- **About this exercise**
Of the entries below, return only those lines from the line with "Itinerary Murah di" to the line with "Import contacts via Excel", exactly, both included.

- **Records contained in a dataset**
***

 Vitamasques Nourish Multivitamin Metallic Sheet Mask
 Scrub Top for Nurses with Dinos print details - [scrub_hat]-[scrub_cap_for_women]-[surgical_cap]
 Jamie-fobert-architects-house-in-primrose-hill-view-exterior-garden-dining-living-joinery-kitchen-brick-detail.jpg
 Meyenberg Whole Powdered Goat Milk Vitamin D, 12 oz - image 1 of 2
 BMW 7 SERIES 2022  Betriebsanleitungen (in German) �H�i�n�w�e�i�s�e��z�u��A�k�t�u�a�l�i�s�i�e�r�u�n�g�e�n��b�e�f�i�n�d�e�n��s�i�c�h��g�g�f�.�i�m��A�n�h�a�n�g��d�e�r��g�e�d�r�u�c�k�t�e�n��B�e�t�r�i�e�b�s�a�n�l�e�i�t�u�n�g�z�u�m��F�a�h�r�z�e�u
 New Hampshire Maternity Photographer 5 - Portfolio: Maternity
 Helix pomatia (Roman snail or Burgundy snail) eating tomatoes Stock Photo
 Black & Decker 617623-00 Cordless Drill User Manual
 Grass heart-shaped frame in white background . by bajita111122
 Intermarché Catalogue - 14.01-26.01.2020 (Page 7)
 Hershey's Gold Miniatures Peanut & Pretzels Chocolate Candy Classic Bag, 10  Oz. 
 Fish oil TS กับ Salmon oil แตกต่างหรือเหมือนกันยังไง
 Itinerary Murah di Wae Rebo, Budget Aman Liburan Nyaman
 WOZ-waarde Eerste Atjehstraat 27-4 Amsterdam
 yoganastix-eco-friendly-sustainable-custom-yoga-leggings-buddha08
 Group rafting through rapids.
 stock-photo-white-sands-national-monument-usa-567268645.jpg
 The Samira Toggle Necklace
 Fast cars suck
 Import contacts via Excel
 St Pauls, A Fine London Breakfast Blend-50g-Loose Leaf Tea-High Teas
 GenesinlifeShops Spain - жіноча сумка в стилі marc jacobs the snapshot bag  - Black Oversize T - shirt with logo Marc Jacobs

***

- **Task answer**
 Itinerary Murah di Wae Rebo, Budget Aman Liburan Nyaman
 WOZ-waarde Eerste Atjehstraat 27-4 Amsterdam
 yoganastix-eco-friendly-sustainable-custom-yoga-leggings-buddha08
 Group rafting through rapids.
 stock-photo-white-sands-national-monument-usa-567268645.jpg
 The Samira Toggle Necklace
 Fast cars suck
 Import contacts via Excel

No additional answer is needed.